Flavonoids, a commonly consumed natural product, elicit health-benefits such as antioxidant, anti-inflammatory, antiviral, anti-allergic, hepatoprotective, anti-carcinogenic and neuroprotective activities. Several studies have reported the beneficial role of flavonoids in improving memory, learning, and cognition in clinical settings. Their mechanism of action is mediated through the modulation of multiple signalling cascades. This polypharmacology makes them an attractive natural scaffold for designing and developing new effective therapeutics for complex neurological disorders like Alzheimer's disease and Parkinson's disease. Flavonoids are shown to inhibit crucial targets related to neurodegenerative disorders (NDDs), including acetylcholinesterase, butyrylcholinesterase, β-secretase, γ-secretase, α-synuclein, Aβ protein aggregation and neurofibrillary tangles formation. Conserved neuro-signalling pathways related to neurotransmitter biogenesis and inactivation, ease of genetic manipulation and tractability, cost-effectiveness, and their short lifespan make Caenorhabditis elegans one of the most frequently used models in neuroscience research and high-throughput drug screening for neurodegenerative disorders. Here, we critically appraise the neuroprotective activities of different flavonoids based on clinical trials and epidemiological data. This review provides critical insights into the absorption, metabolism, and tissue distribution of various classes of flavonoids, as well as detailed mechanisms of the observed neuroprotective activities at the molecular level, to rationalize the clinical data. We further extend the review to critically evaluate the scope of flavonoids in the disease management of neurodegenerative disorders and review the suitability of C. elegans as a model organism to study the neuroprotective efficacy of flavonoids and natural products.
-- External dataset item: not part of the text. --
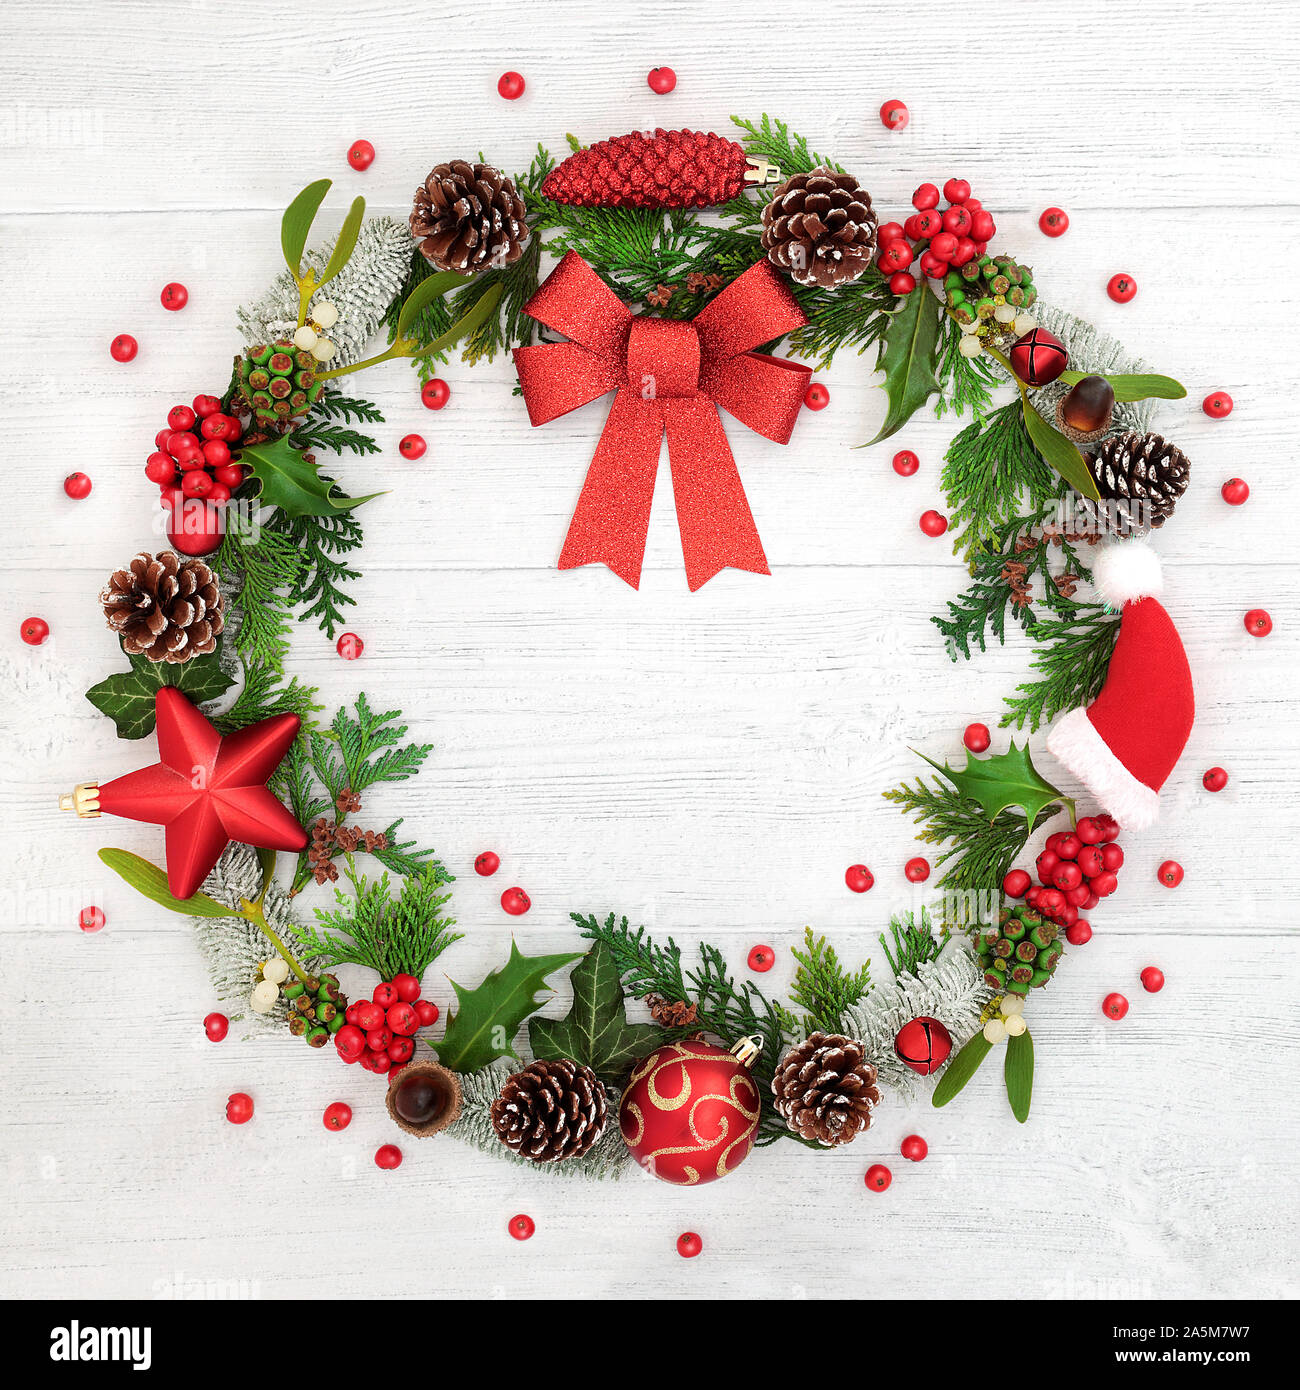 Couronne de Noël avec red bow, décorations babiole, flore hiver et lâche des baies de houx sur fond de bois rustique. Banque D'Images

类黄酮是一种常见的天然产品,具有抗氧化、抗炎、抗病毒、抗过敏、保肝、抗癌和保护神经等保健作用。一些研究报告称,类黄酮在临床环境中对改善记忆、学习和认知能力有益。黄酮类化合物的作用机制是通过调节多种信号级联介导的。这种多药理作用使黄酮类化合物成为一种极具吸引力的天然支架,可用于设计和开发治疗阿尔茨海默病和帕金森病等复杂神经系统疾病的新型有效疗法。黄酮类化合物可抑制与神经退行性疾病(NDDs)有关的关键靶点,包括乙酰胆碱酯酶、丁酰胆碱酯酶、β-分泌酶、γ-分泌酶、α-突触核蛋白、Aβ 蛋白聚集和神经纤维缠结的形成。与神经递质的生物发生和失活相关的神经信号通路的保守性、遗传操作的简易性和可操作性、成本效益以及短暂的寿命使 elegans 成为神经科学研究和神经退行性疾病高通量药物筛选中最常用的模型之一。在此,我们根据临床试验和流行病学数据对不同黄酮类化合物的神经保护活性进行了批判性评估。这篇综述对各类类黄酮的吸收、代谢和组织分布,以及在分子水平上观察到的神经保护活性的详细机制提供了重要的见解,从而使临床数据合理化。我们进一步扩展了综述范围,对黄酮类化合物在神经退行性疾病治疗中的应用范围进行了批判性评估,并回顾了将秀丽隐杆线虫作为模型生物来研究黄酮类化合物和天然产品的神经保护功效的适宜性。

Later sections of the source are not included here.